Study reveals new causes of mouth and throat cancer
Poor oral health and failure to have regular dental checks could increase the risk of mouth and throat cancer, according to a pan-European study.
The research also suggests – based on a small number of tumour patients – that excessive use of mouthwash may also cause this particular form of cancer. Excessive use is defined as more than three times a day.
It has been established for some time that smoking and heavy alcohol consumption, particularly in combination, are strongly related to mouth and throat cancers. Low socio-economic status is also recognised as a contributory factor.
Now, however, a new study carried out by researchers at the University of Glasgow Dental School – as part of a Europe-wide collaboration co-ordinated by the International Agency for Research on Cancer and led by the Leibniz Institute for Prevention Research and Epidemiology – BIPS in Bremen, Germany – has identified new risk factors for upper aerodigestive tract cancer (cancer of the mouth, larynx, pharynx and esophagus).
The study of 1,962 patients with mouth and throat cancers, with a further 1,993 people used as comparison control subjects, was conducted in 13 centres across nine countries and supported by EU funding.
Prof.
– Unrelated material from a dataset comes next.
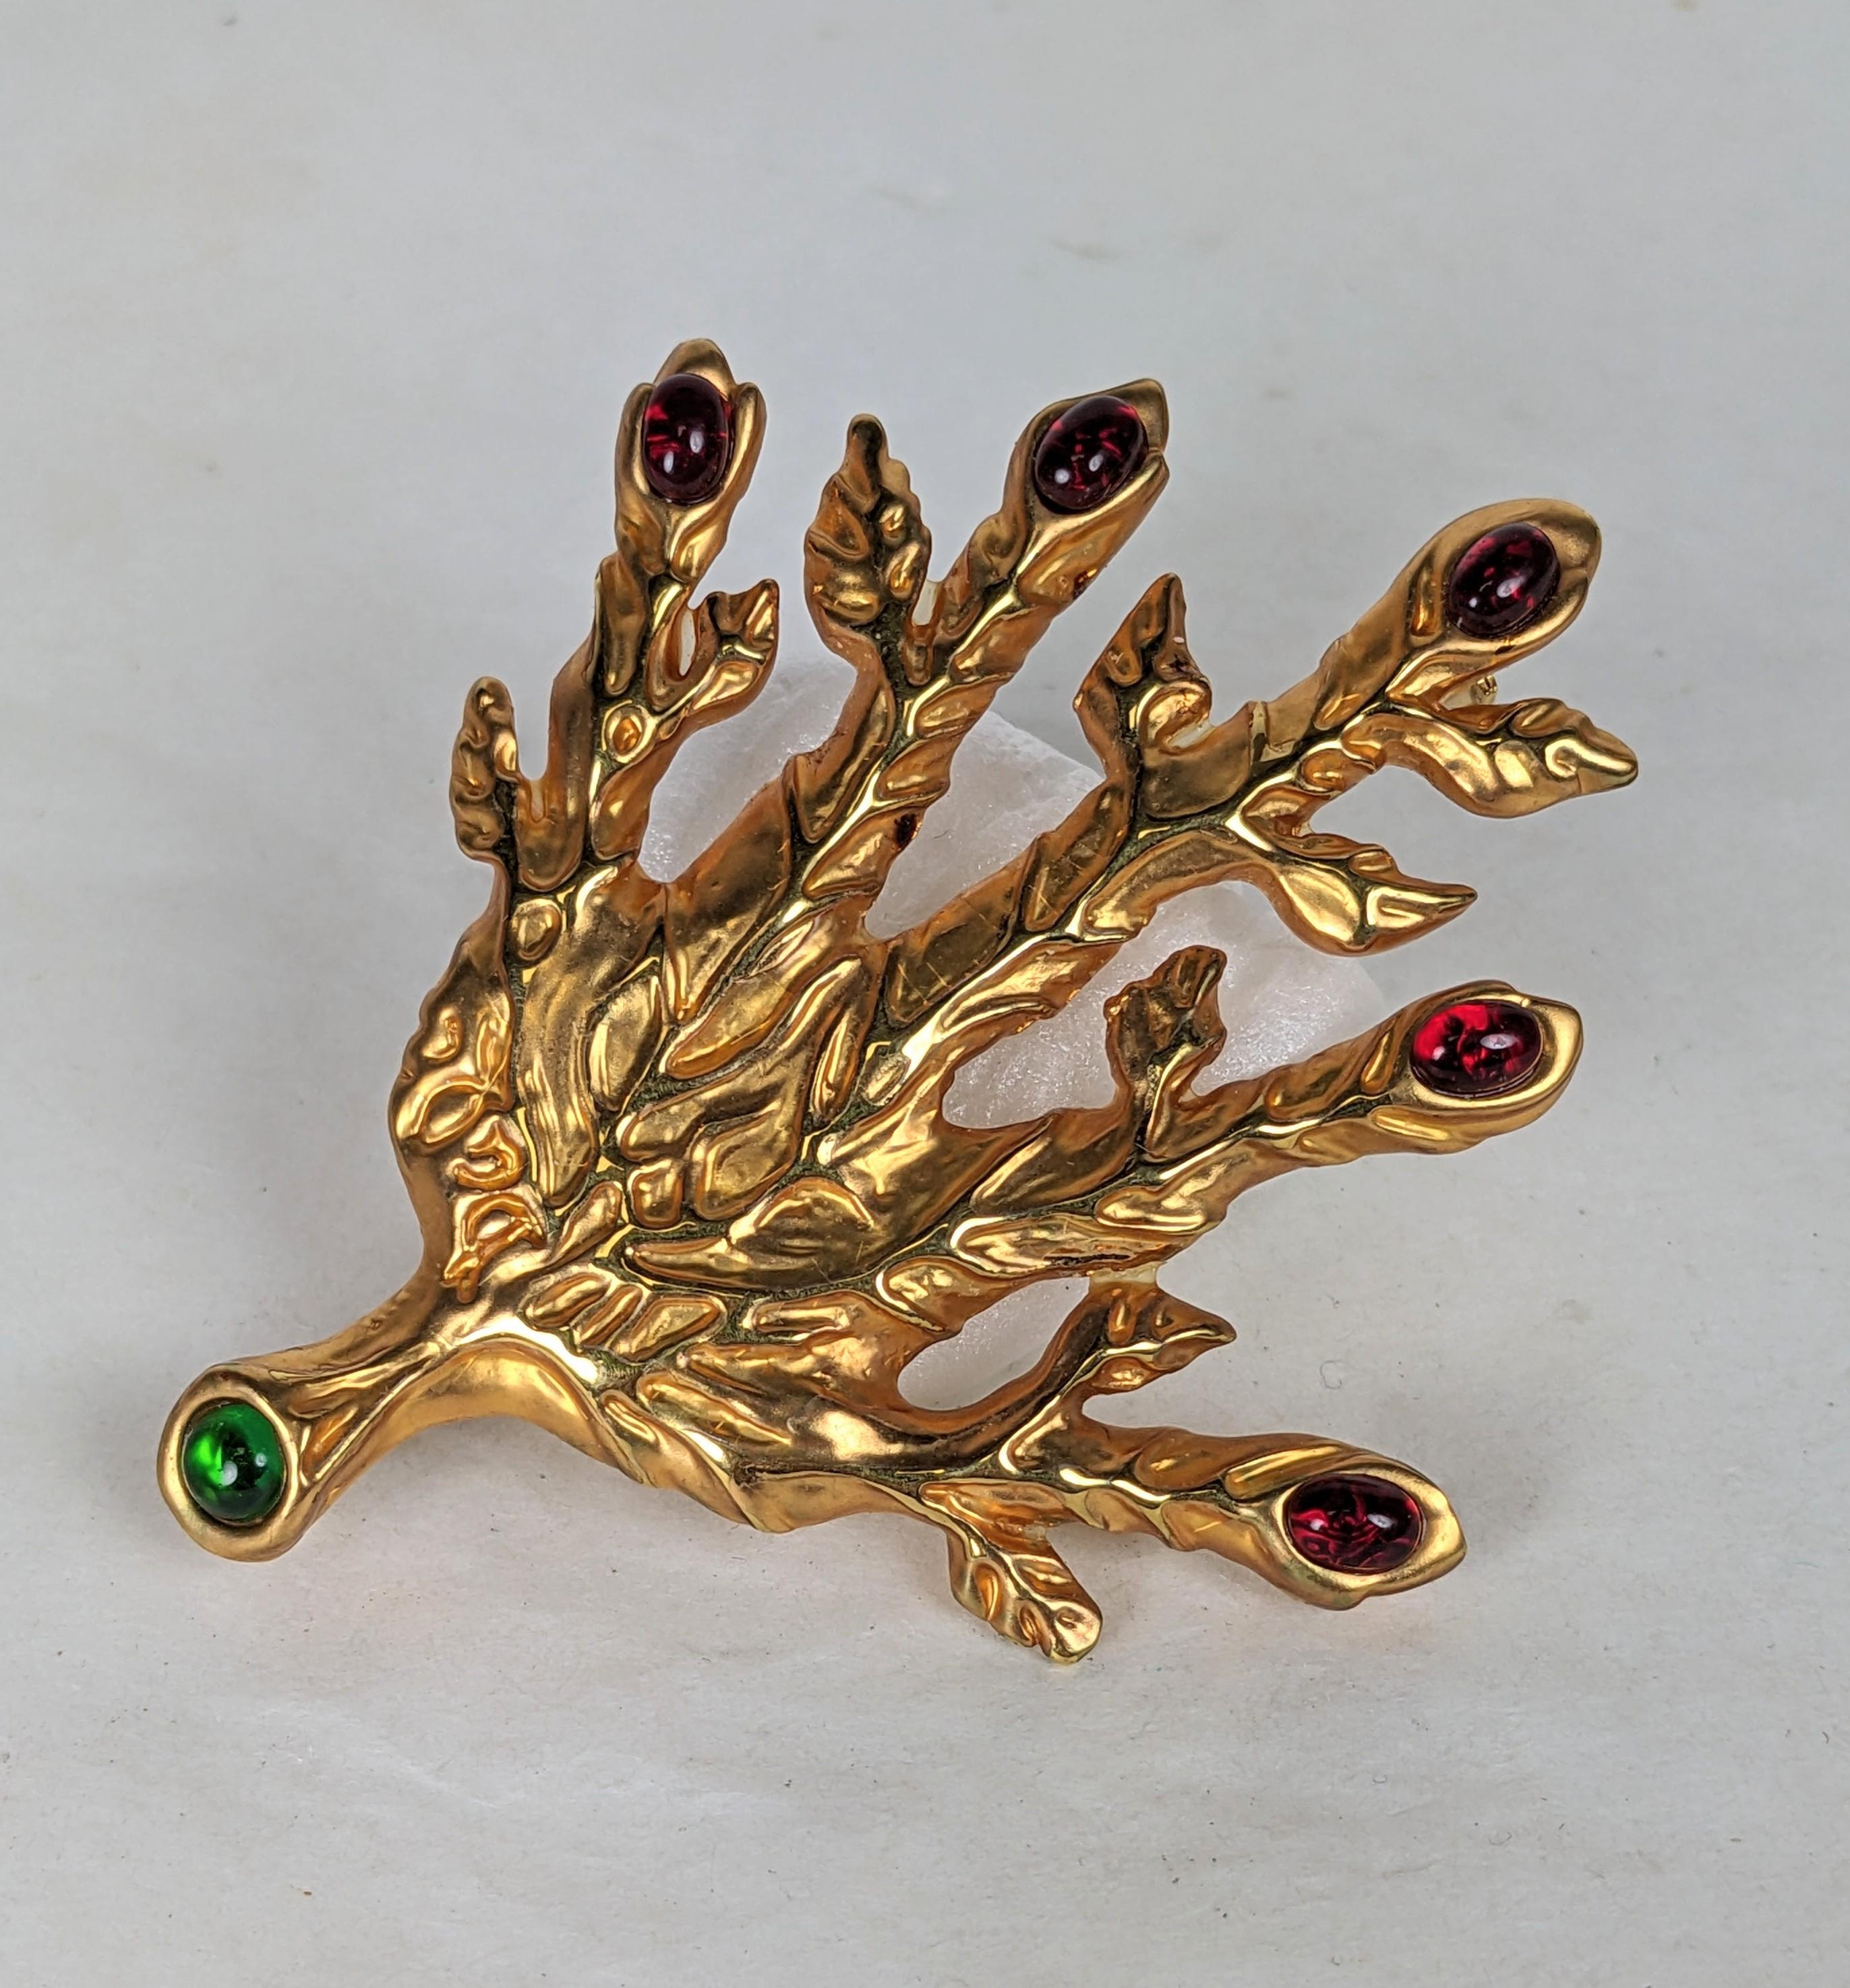 The Dali Leaf Veined Hand pendant brooch is ornamented with oval faux cabochon ruby nails and a round emerald faux cabocheon on the stem. Made of 18 karat yellow gold plate. Originally created in fine jewelry 1949, this brooch a 2001 re-edition.

Wolfgang Ahrens, Deputy Director of the BIPS, said: "These results are really important. Up until now, it was not really known if these dental risk factors were independent of the well known risks for mouth and throat cancers – smoking, alcohol and low socioeconomic status."
The researchers were able to strip out the causation factors of smoking, alcohol and socio-economic factors, and still found there was a connection between poor oral health and increased risk of mouth and throat cancers.
The findings are highly "nuanced" and there is an interconnectedness of many of the risk factors, he stressed, but there was now evidence that poor oral health and poor dental care were also part of the picture.
The definition of poor oral health included people who had complete or part dentures, people with persistently bleeding gums.
"People should not assume that if they wear dentures and have none of their own teeth left, they have no need to see a dentist," said Dr David Conway, Clinical Senior Lecturer at the University of Glasgow Dental School and one of the senior authors of the study. "On the contrary, even if you have got dentures, you should make sure you go for regular check-ups," he said.
People with poor dental care were defined as those who hardly ever or never brushed their teeth or visited the dentist. The frequency of dental visits should be determined by a dentist's risk assessment and if people fell into the low risk category it could be once a year or even every two years, said Dr Conway.
"It is not a case of 'one size fits all'. Visits could be six-monthly, but certainly not five-yearly," Dr. Conway added.
The possible role of mouthwash as a causative factor would require further research, said Professor Ahrens. There might be a relationship between excessive use of mouthwash and people who used it to mask the smell of smoking and alcohol. Nevertheless, the researchers found that "frequent use of mouthwashes (3-plus times per day) was associated with an elevated risk of developing mouth and throat cancer", although they were unable to analyse the types of mouthwash used many years ago by participants in the study.
Dr Conway said: "I would not advise routine use of mouthwash, full stop. There are occasions and conditions for which a dentist could prescribe a mouthwash – it could be that a patient has a low salivary flow because of a particular condition or medicine they are taking. But for me, all that's necessary in general is good regular brushing with a fluoride toothpaste and flossing combined with regular check-ups by a dentist."